ICM 1/48 Supermarine Spitfire Mk.XVI

By Michael Benolkin


In an effort to keep the Spitfire production rolling, the RAF began using US-manufactured Merlin engines. The Spitfire Mk.XVI was essentially a standard Mk.IX with the US-built Packard Merlin in place of the British-build Merlin 66.

In later models of the Spitfire XVI, Supermarine cut down the rear deck to allow for a teardrop-styled canopy to replace the original hood. This significantly improved rearward visibility and survivability. These versions of the Spitfire were typically assigned to interdiction missions.

The Kit

ICM's offering represents the later Spitfire Mk.XVI with the teardrop bubble canopy. Molded in white styrene, this kit is still the most detailed Spitfire model straight out of the box, in any scale, on the market.

As some of you know, I've written some comparative articles to gauge the accuracy of the various Spitfire kit dimensions and profiles. For this review, I changed tactics slightly and I laid out my review sample against the 1/48 scale Spitfire diagrams found in 'The Supermarine Spitfire Part 1' by Robert Humphreys and published by SAM Publications. According to these diagrams, ICM nailed the length and profile of the fuselage perfectly. As before, the wings are spot-on in shape and dimension as well.
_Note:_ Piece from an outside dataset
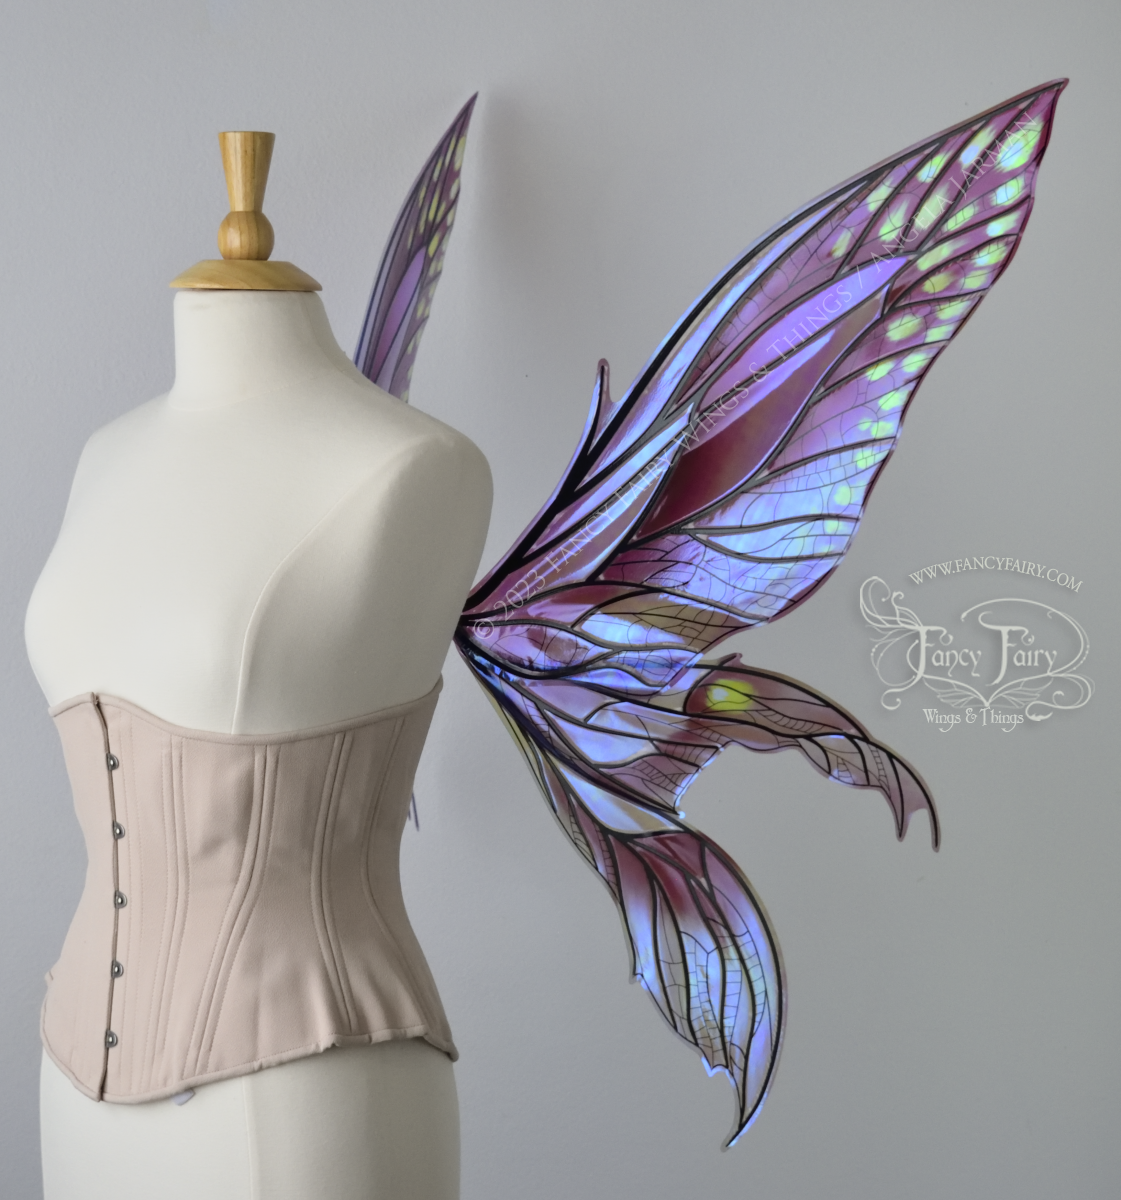 Right side view of dress form wearing large plum iridescent fairy wings with green accents. 3 pointed panels each side, detailed black veins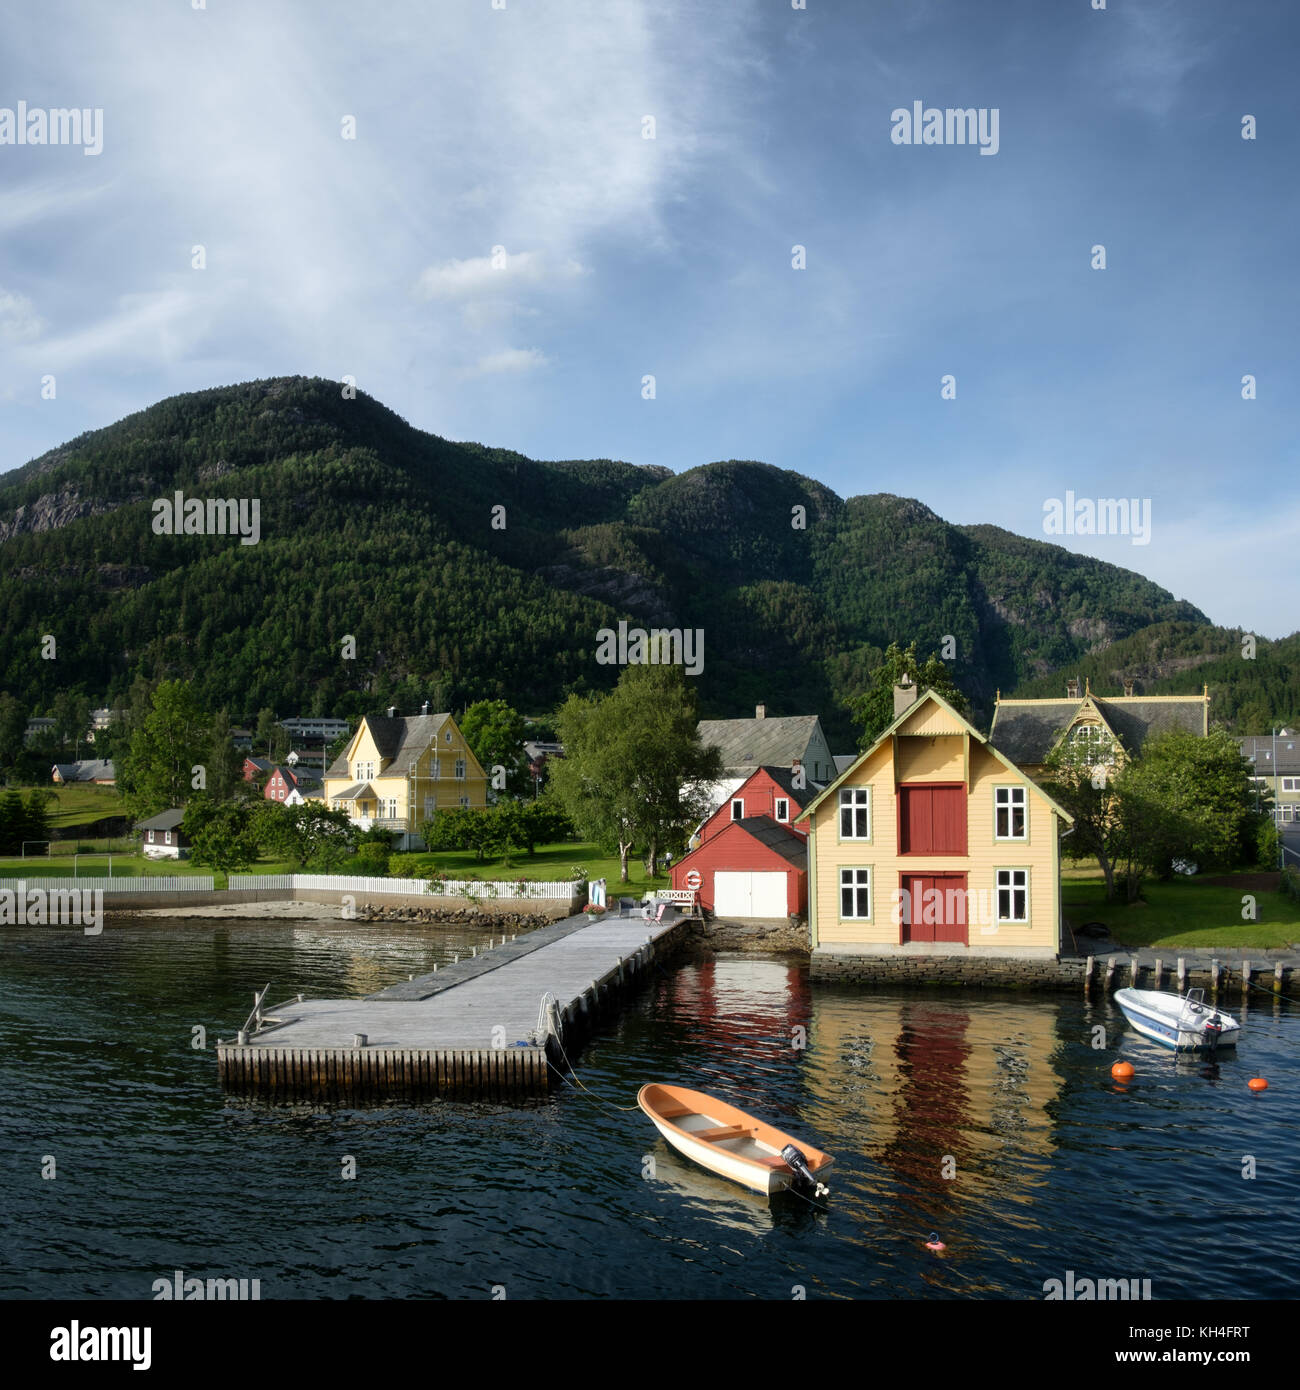 Typical norwegian landscape with red house Stock Photo

It shouldn't be a big surprise that this kit is basically the same as their Spitfire IX, save the new fuselage, canopy and revised interior. And as with the previous Spitfire releases, the model features nicely scribed details, the parts trees show a slight hint of flash, and there are no ejector marks in any visible areas. The one molding flaw that I've seen on these kits is still present on this version as well, there is a sink mark that runs along each upper wing surface just ahead of the ailerons. This won't take any time to fix.

The decals included in this kit cover two Spitfire Mk.XVI examples:

  • Spitfire LF.XVI E flown by Sqn Ldr K. Priak of 308 Sqn, 1945

  • Spitfire LF.XVI E of 74 Sqn, 1945

As with the previous ICM version of the Spitfire, this kit features positionable ailerons and rudder, open or closed gun bays, and open, partially open or closed engine cowling. The details inside the gun bays and under the cowl are very nice, with only a little wiring/plumbing needed to complete the illusion of scale reality.


While this is not a kit for the beginner, this is not a difficult kit to build. Care must be taken with all of the details that go into this kit as one misplaced part can drastically affect assembly and fit. I speak from experience as the last ICM Spitfire IX I built went together wonderfully, except that I didn't notice until too late that the cockpit interior had altered the lower fuselage/wing fit and resulted in an embarrassing zero-dihedral wing a-la Hurricane.

Nevertheless, ICM's Spitfires are still the most accurate and detailed 1/48 scale kits available and I highly recommend these kits to anyone with intermediate or better skills.

Our sincere thanks to ICM for this review sample.